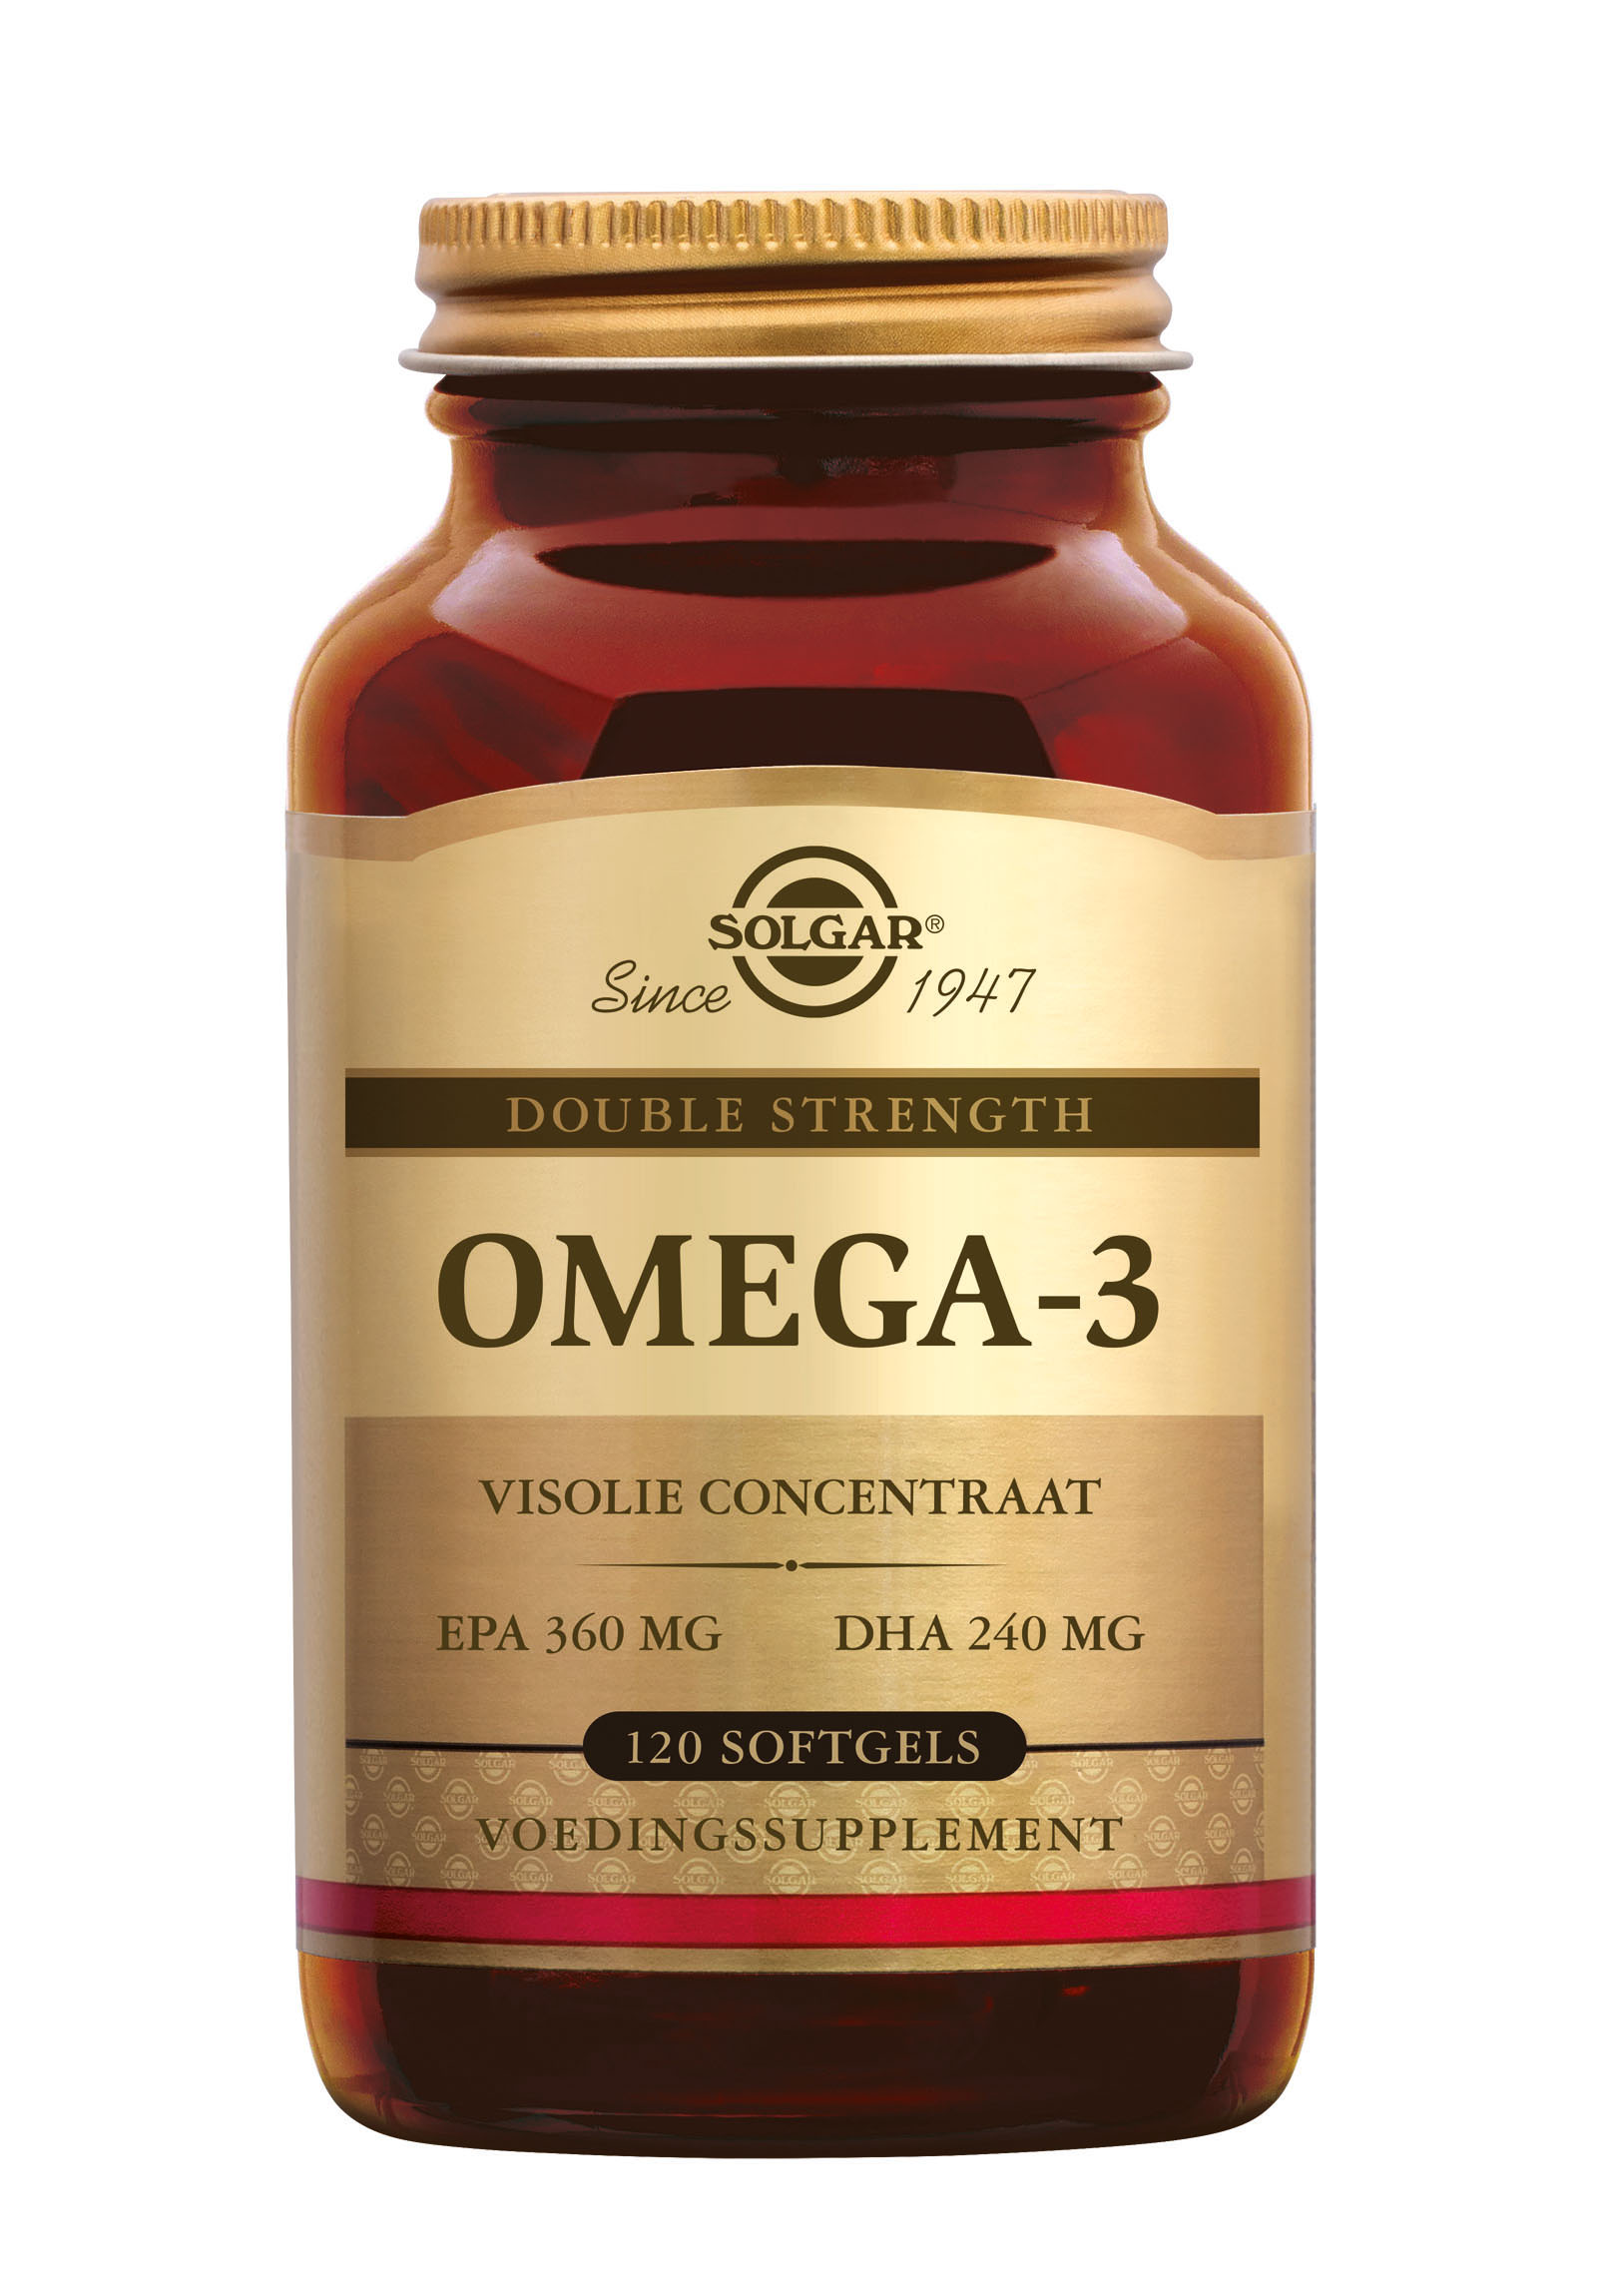 Solgar Omega-3 Double Strength (120 stuks)
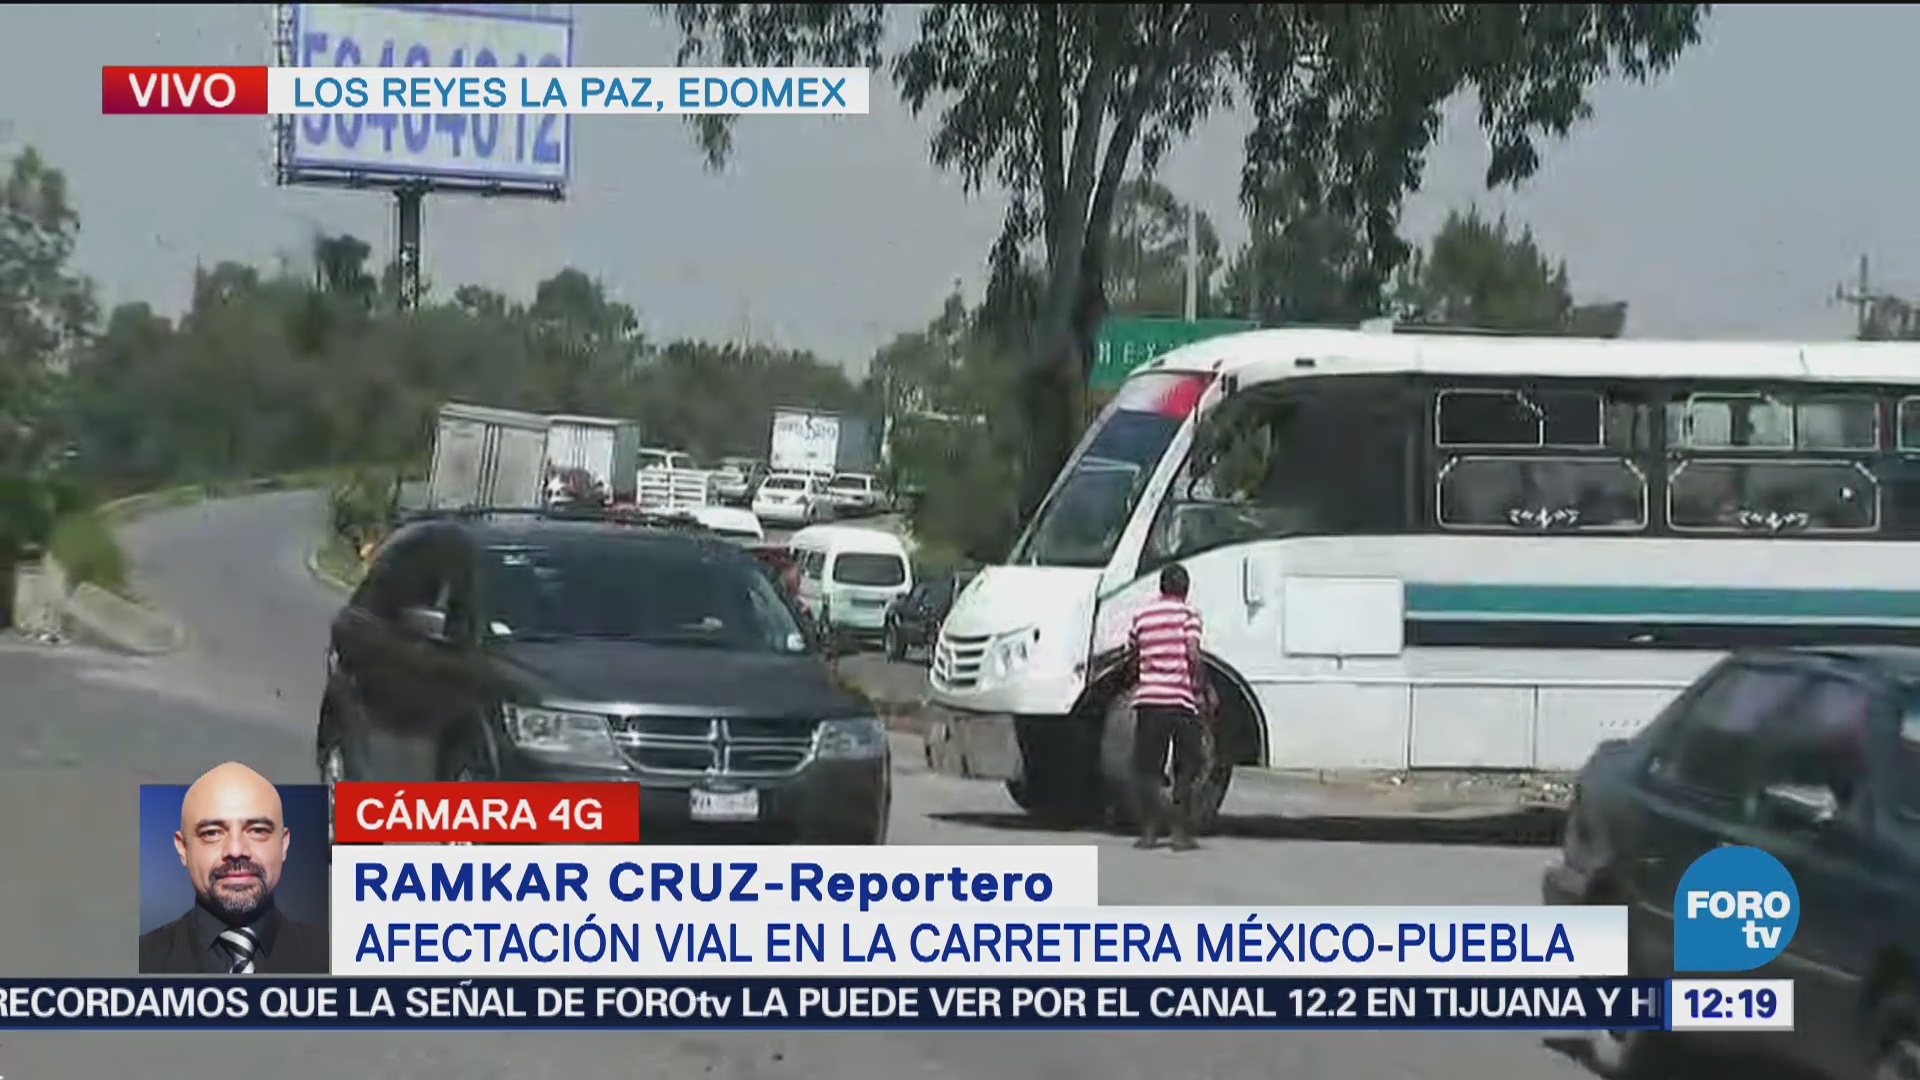 Siguen problemas viales en carretera México-Puebla bloqueo
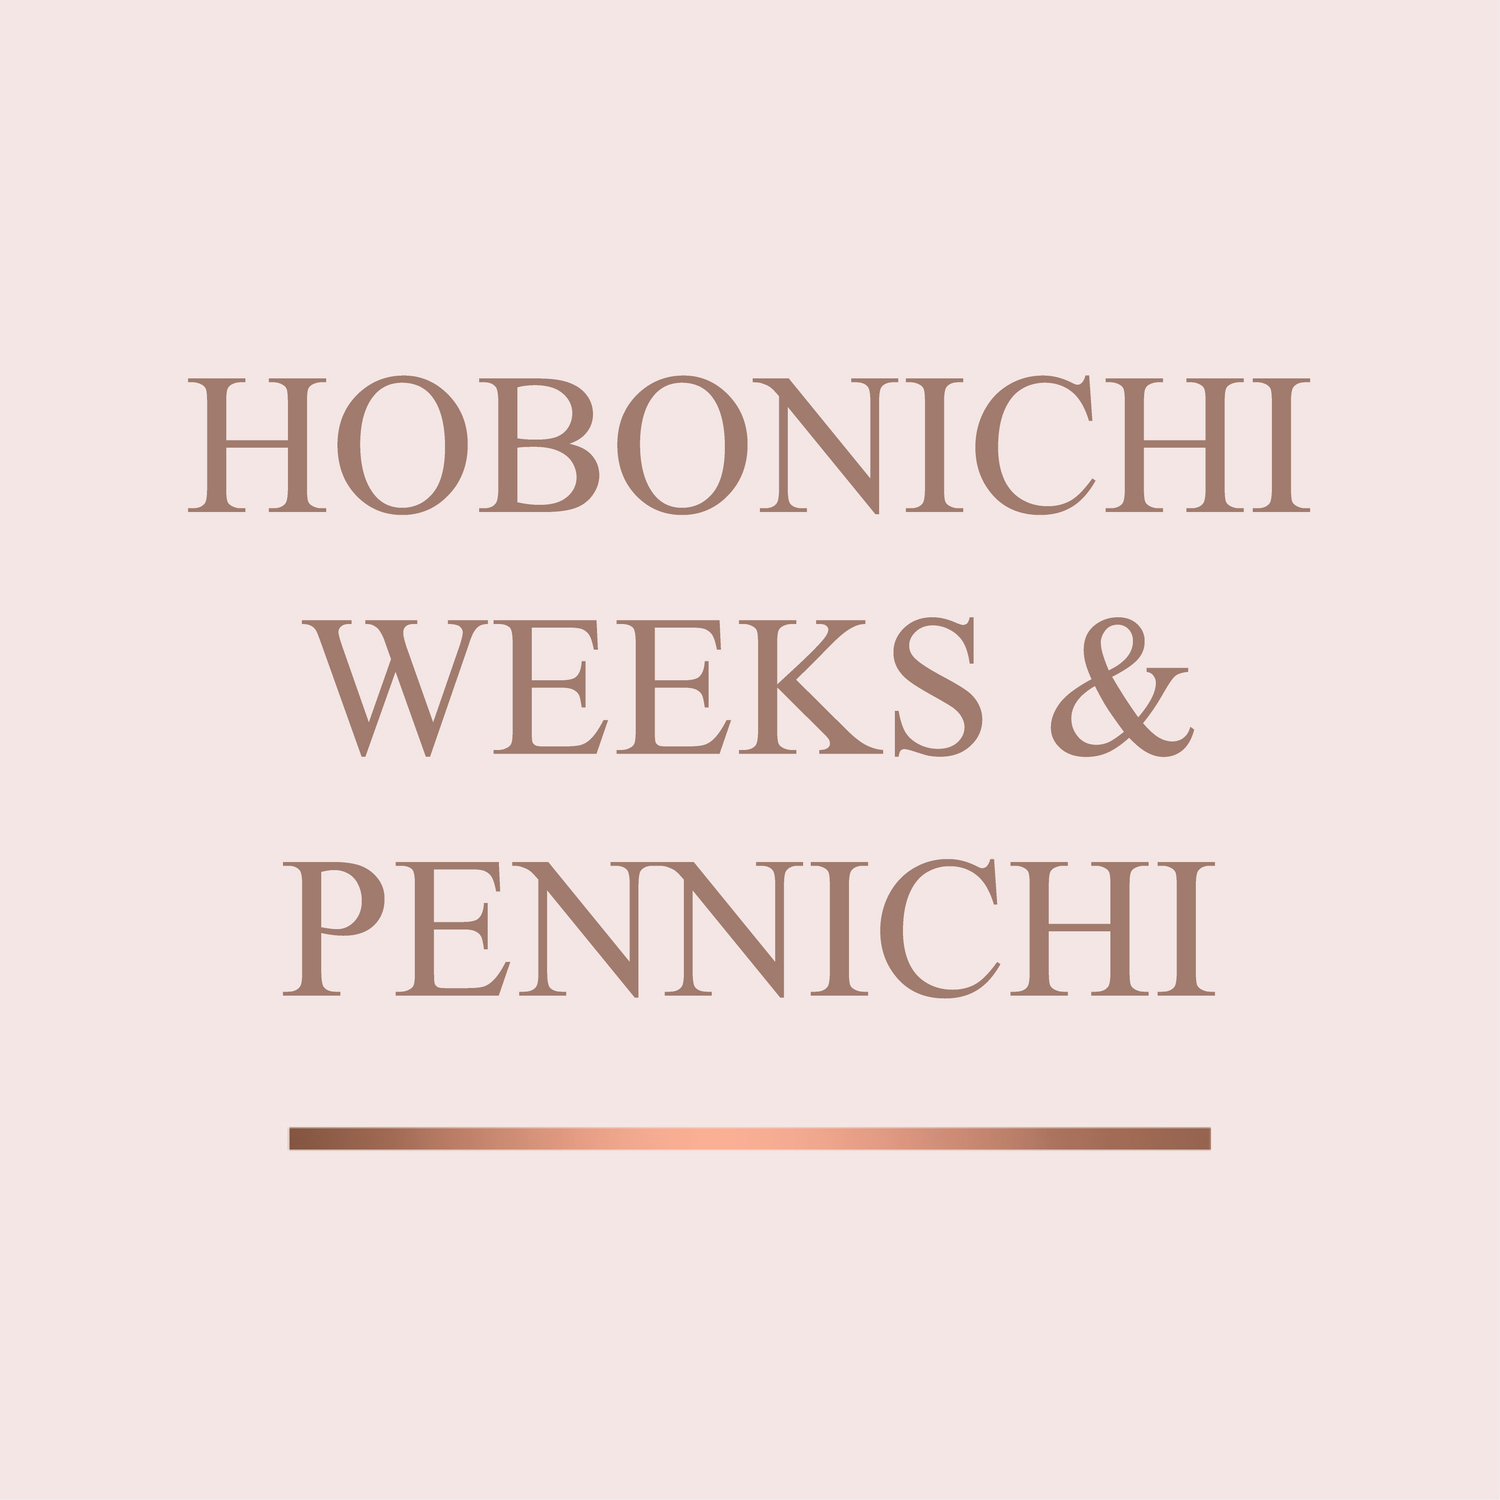 Hobonichi & Pennichi
# # # # # # #
> WHAT IS REQUIRED: Please write out the lines from the one that holds "Siguen problemas viales" through the end of the material, both ends included, exactly and with no pictures.

> RESULT OF THIS EXERCISE:
 Siguen problemas viales en carretera México-Puebla bloqueo
 Hobonichi & Pennichi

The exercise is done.